Okay. Got it. And I just want to make sure, going back to Slide 11, the untreated fellow eye underlying lesion growth, Just want to make sure I'm understanding this correctly. So you're saying that in the monthly arm for both Derby and Oaks, in the untreated fellow eye actually saw a faster increase in GA lesion growth as compared with the sham or the every other month, which would seem a little counterintuitive maybe?
Yes. No, you're absolutely correct. So the untreated fellow eye in the active arms of both studies were progressing more quickly than the untreated fellow eyes in the shams of both studies.
Okay.
And was that a surprise that was that result a surprise for you? I mean, to me, it seems a little bit maybe counterintuitive.
It was a surprise to us, absolutely.
Yes. Okay. Got it. Got it. Thank you so much, Cedric.
You're welcome.
Thank you. And our next question will come from Laura Chico with Wedbush. Please go ahead.
Good afternoon. Thanks very much for taking the question. So just a couple of clarifications since it's a longer call here.

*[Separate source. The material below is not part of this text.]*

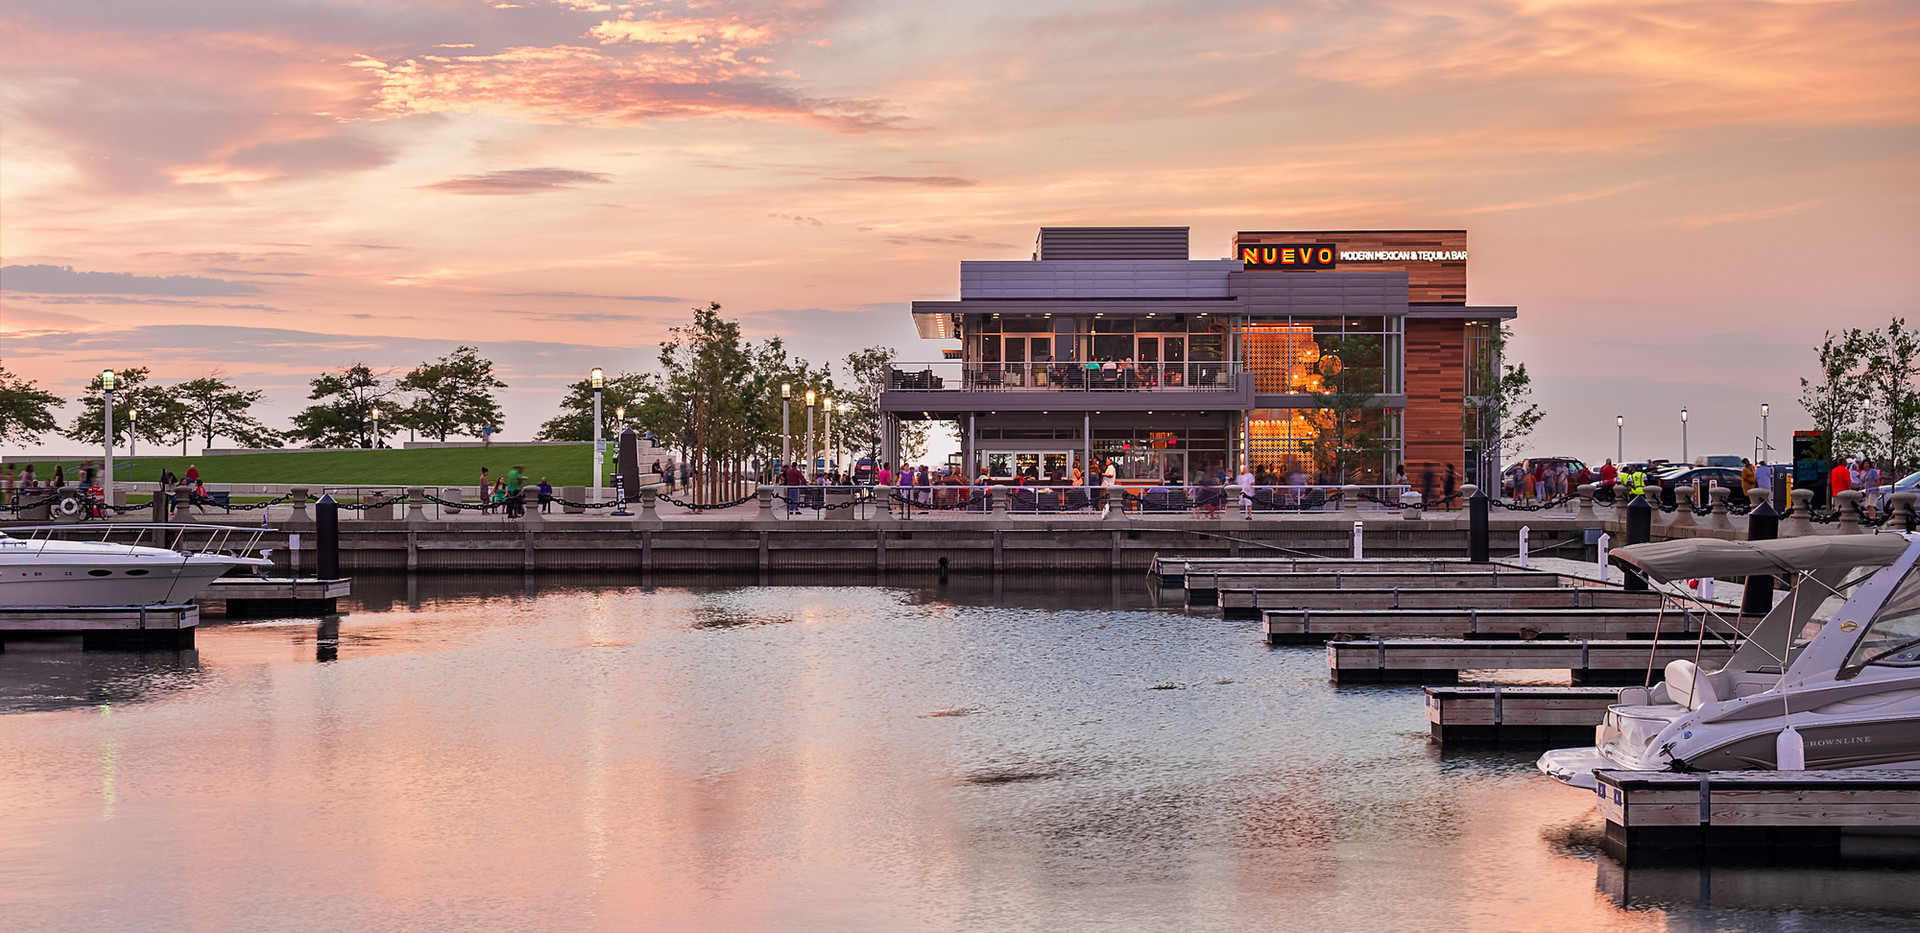 NCH / Nuevo, sunset marina view

But first, I just wanted to clarify in terms of the extra foveal analysis, did patients in Derby actually demonstrate a similar benefit as they did in OAKS? And this is specific to the extra foveal patients.
Yes. This is an effect that we saw across both studies.

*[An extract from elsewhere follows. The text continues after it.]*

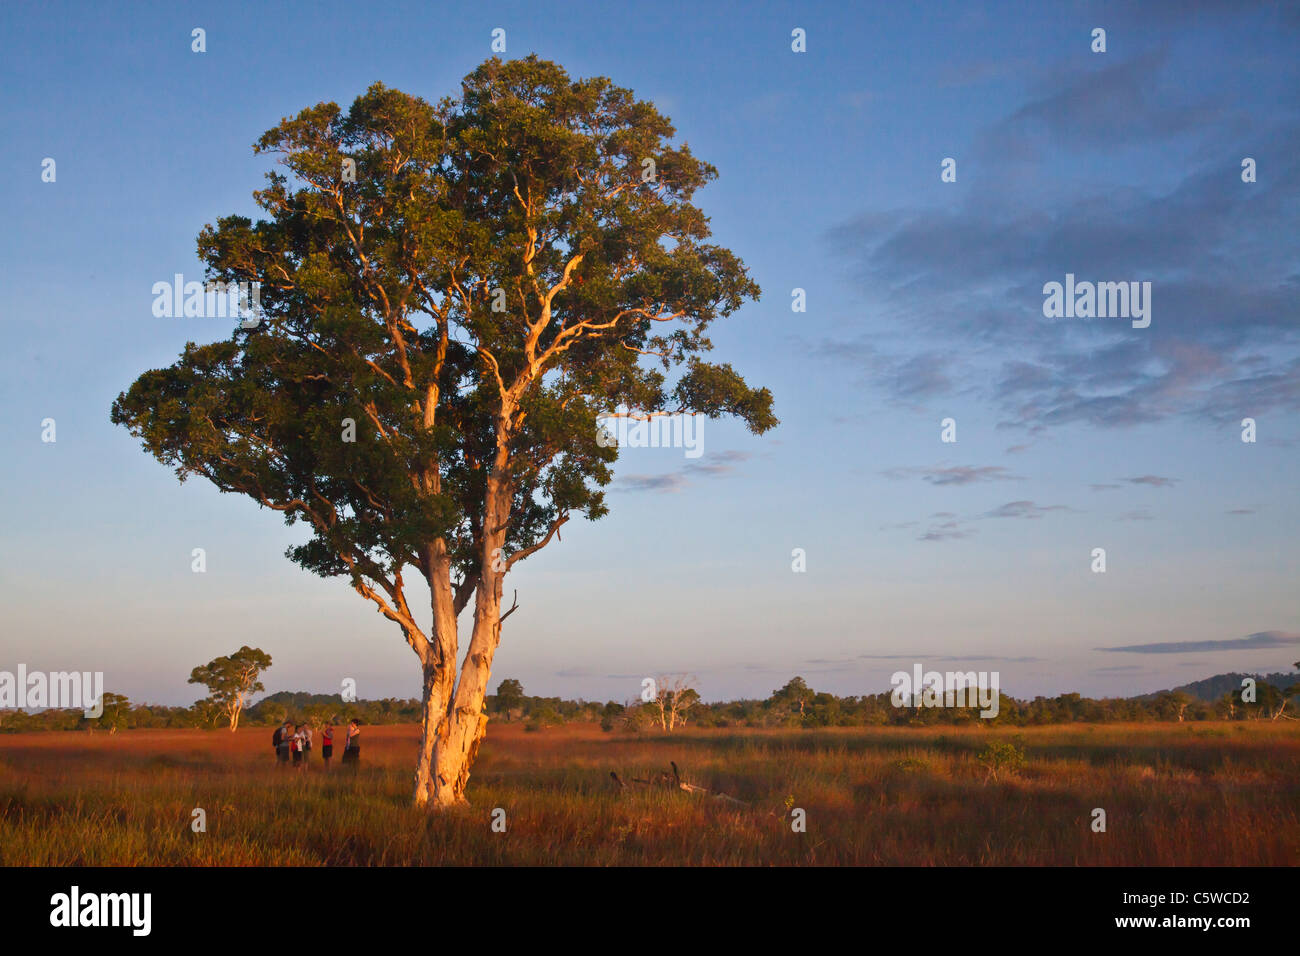 Les touristes au lever du soleil dans l'écosystème de savane unique de KOH PHRA THONG, THAÏLANDE Photo Stock

Got it. Okay. And then in terms of the discontinuation rates, I'm just wondering if you could kind of circle back on that. I don't think I actually heard you compare perhaps discontinuation rates in the studies relative to your prior expectations, but then also what were discontinuation rates across Derby and Oak? Did they differ substantially?
Yes. So we will talk about that more in the months to come about the discontinuations and the missing images. But suffice it to say that this is not something that we believe meaningfully contributed to what we saw in these studies.

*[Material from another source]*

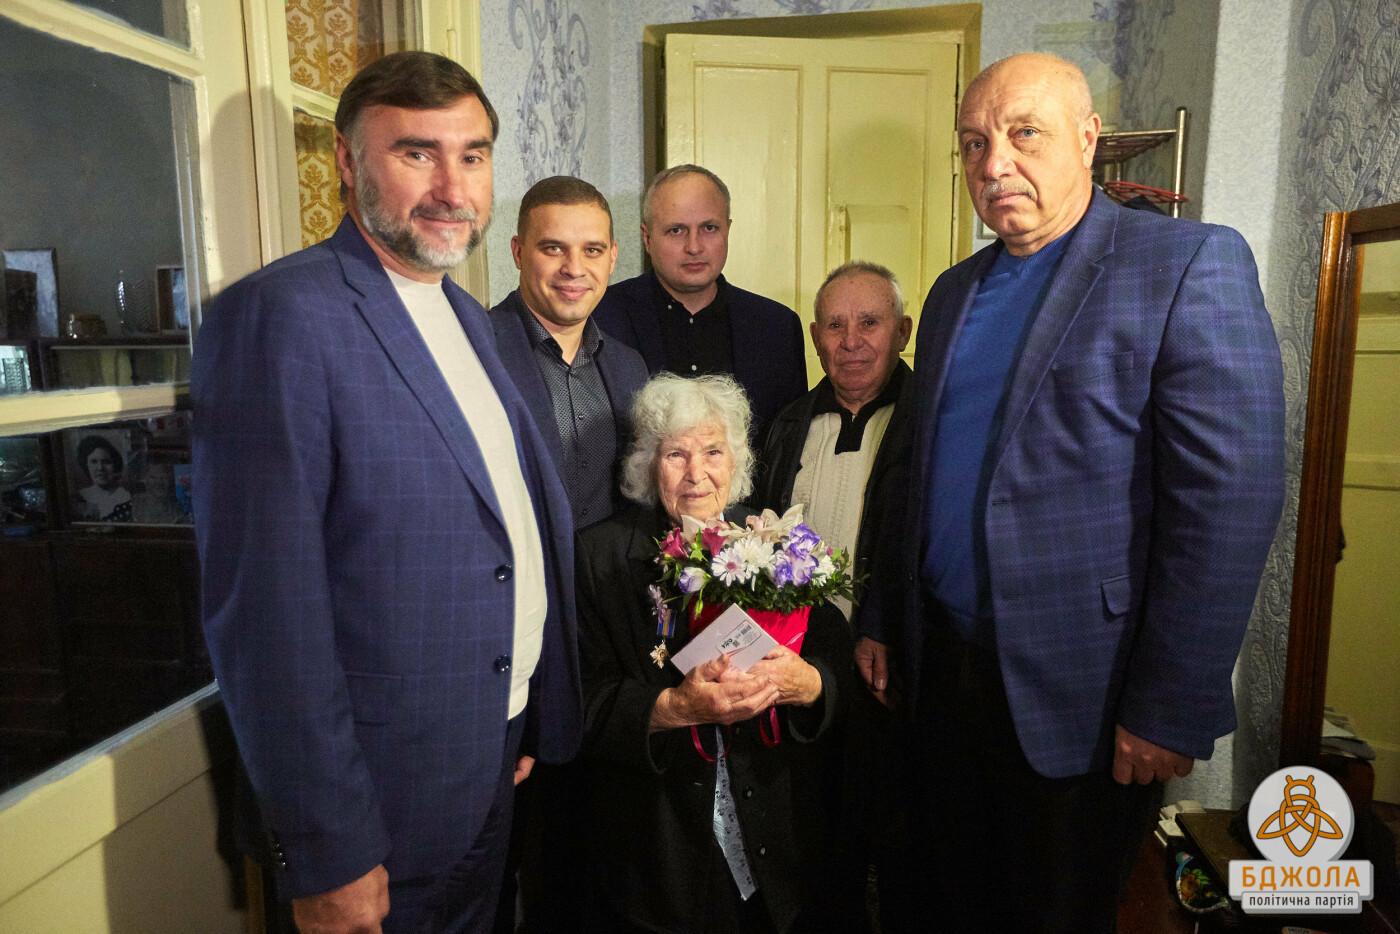 Партия «Бджола» поздравила ветеранов Каменского с 76-й годовщиной освобождения города, фото-3
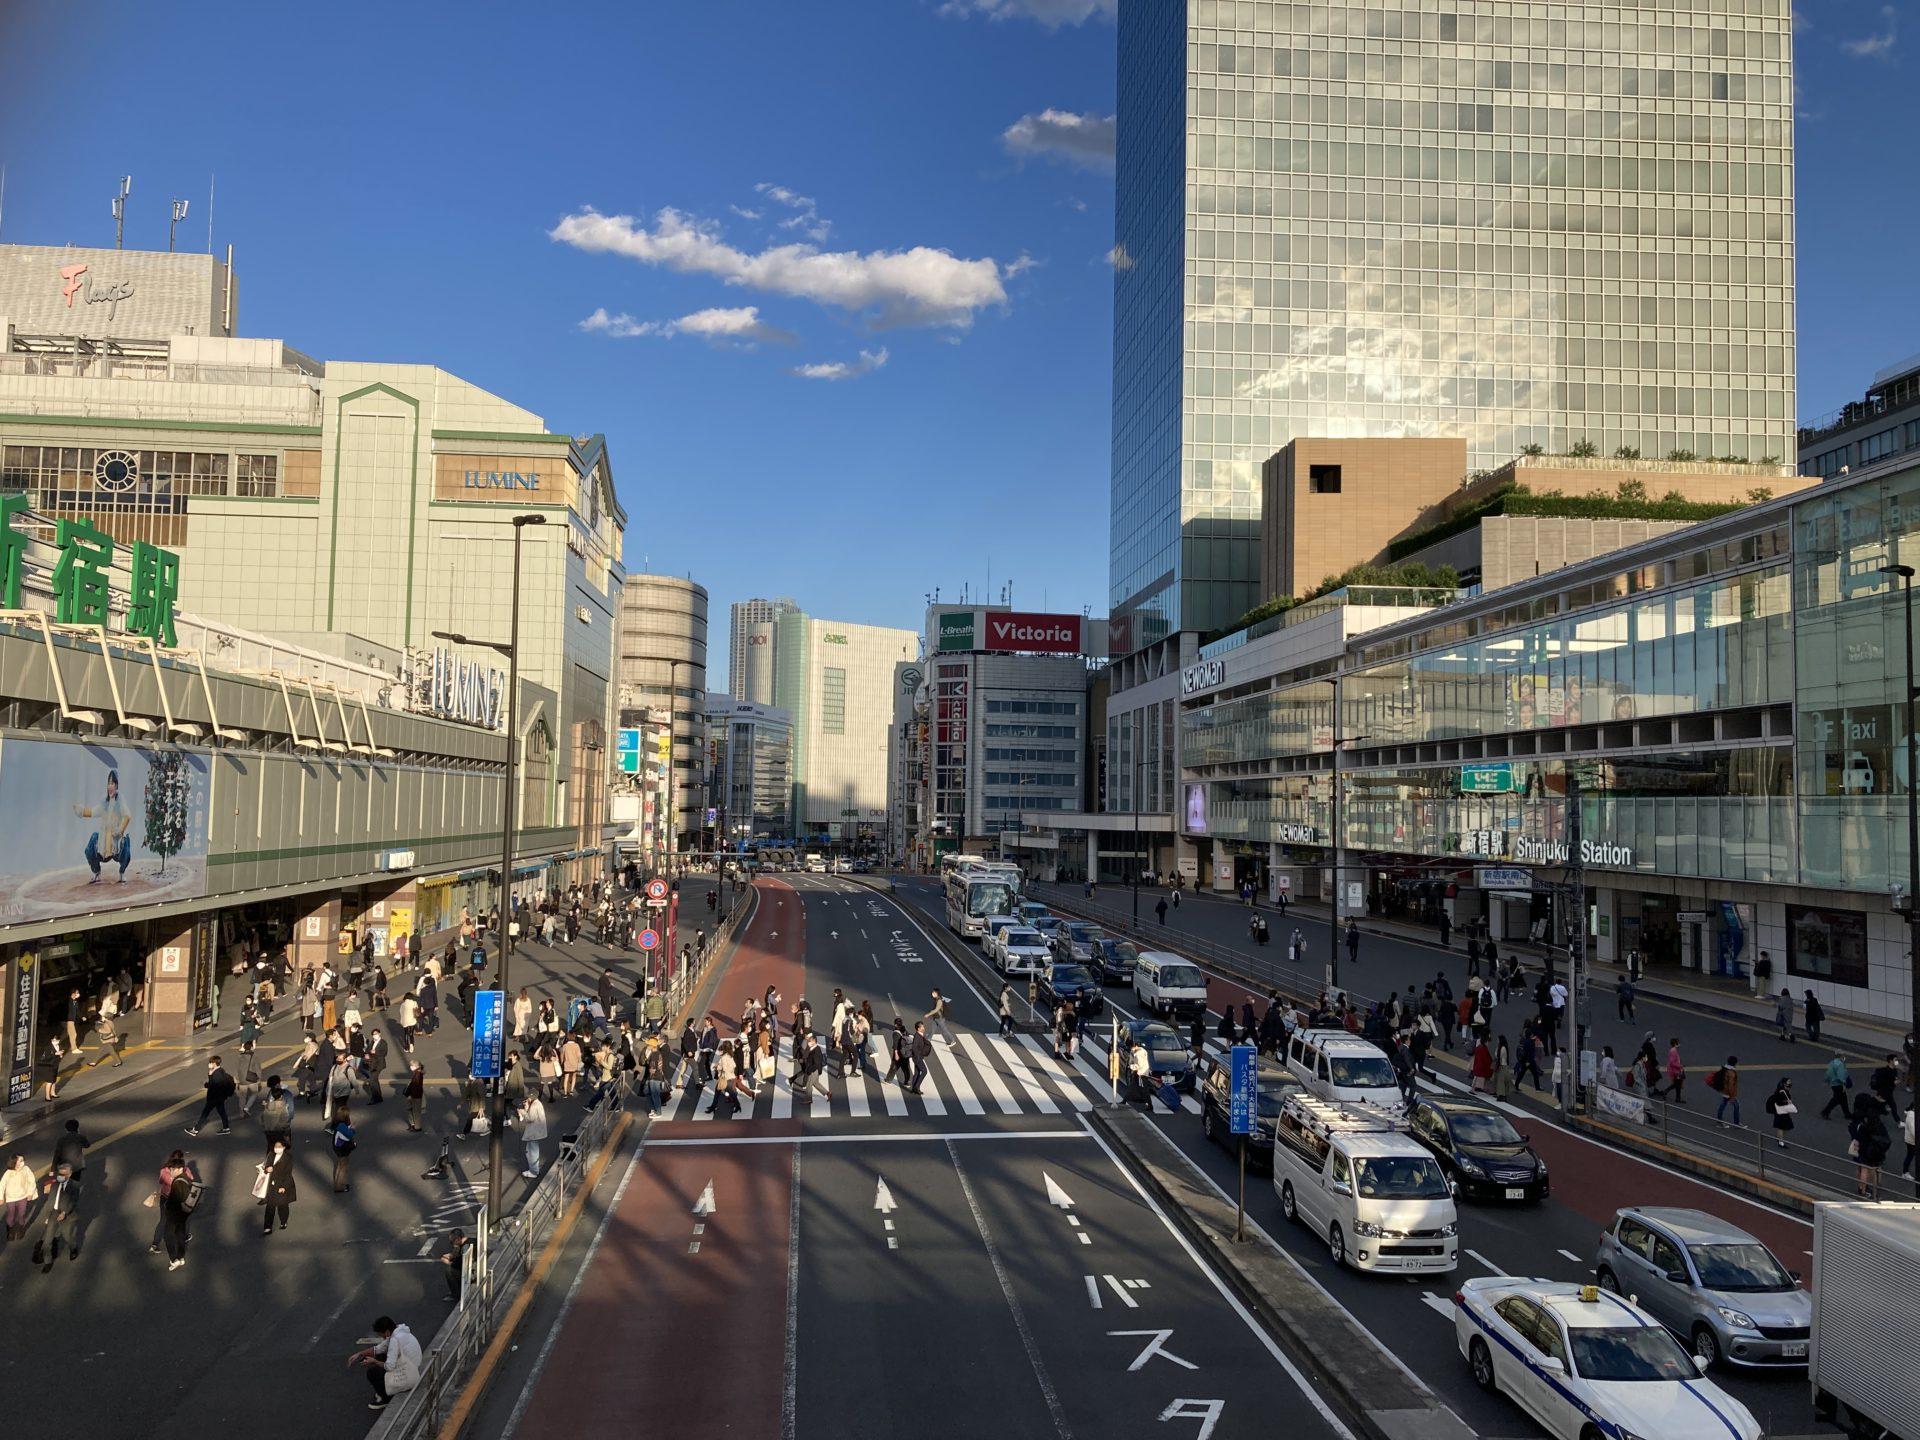 【新宿駅南口・新南口周辺を歩いてみた】モダンな雰囲気と迷子になりにくい街

Okay. And then just lastly, you mentioned you're speaking with the regulators coming up here following the data release here. I'm just kind of wondering what outcomes might actually come about from the meetings? And would you imagine that you could get clarity on submitting pooled data at this point? Thanks very much.
Thank you. So again, the pooled data is just one piece of the puzzle here, right? Remember, in OAKS, we have highly statistical significance both for every other month as well as for monthly. We have that in Philly as well. And then you have the pooled analysis, of course.
So when we do a submission to the FDA or to EMEA, it is the completeness of the data package that will be evaluated and that we believe is very strong.
Thank you.
You're welcome.
Ladies and gentlemen, thank you for participating in today's question and answer session. I would now like to turn the call back over to Mr. Cedric Francois for any closing remarks.
Thank you so much, and thank you, everyone, for joining our call this afternoon. Our Phase III Derby and OAKS results are an important step towards forward and hopefully bringing pexitacopalan to the millions of patients living with GA. From the beginning, we have been convinced that controlling C3 provides unique therapeutic benefits as it is the only target in the complement cascade that can control all of the damaging downstream effects of complement activation. This has been demonstrated in our commercial product in PNH and now in the first positive Phase III in GA, further underscoring the potential of targeting C3 to develop transformative treatments across a broad range of debilitating diseases driven by complement. Thank you.
Ladies and gentlemen, this concludes today's conference call. Thank you for your participation. You may now disconnect.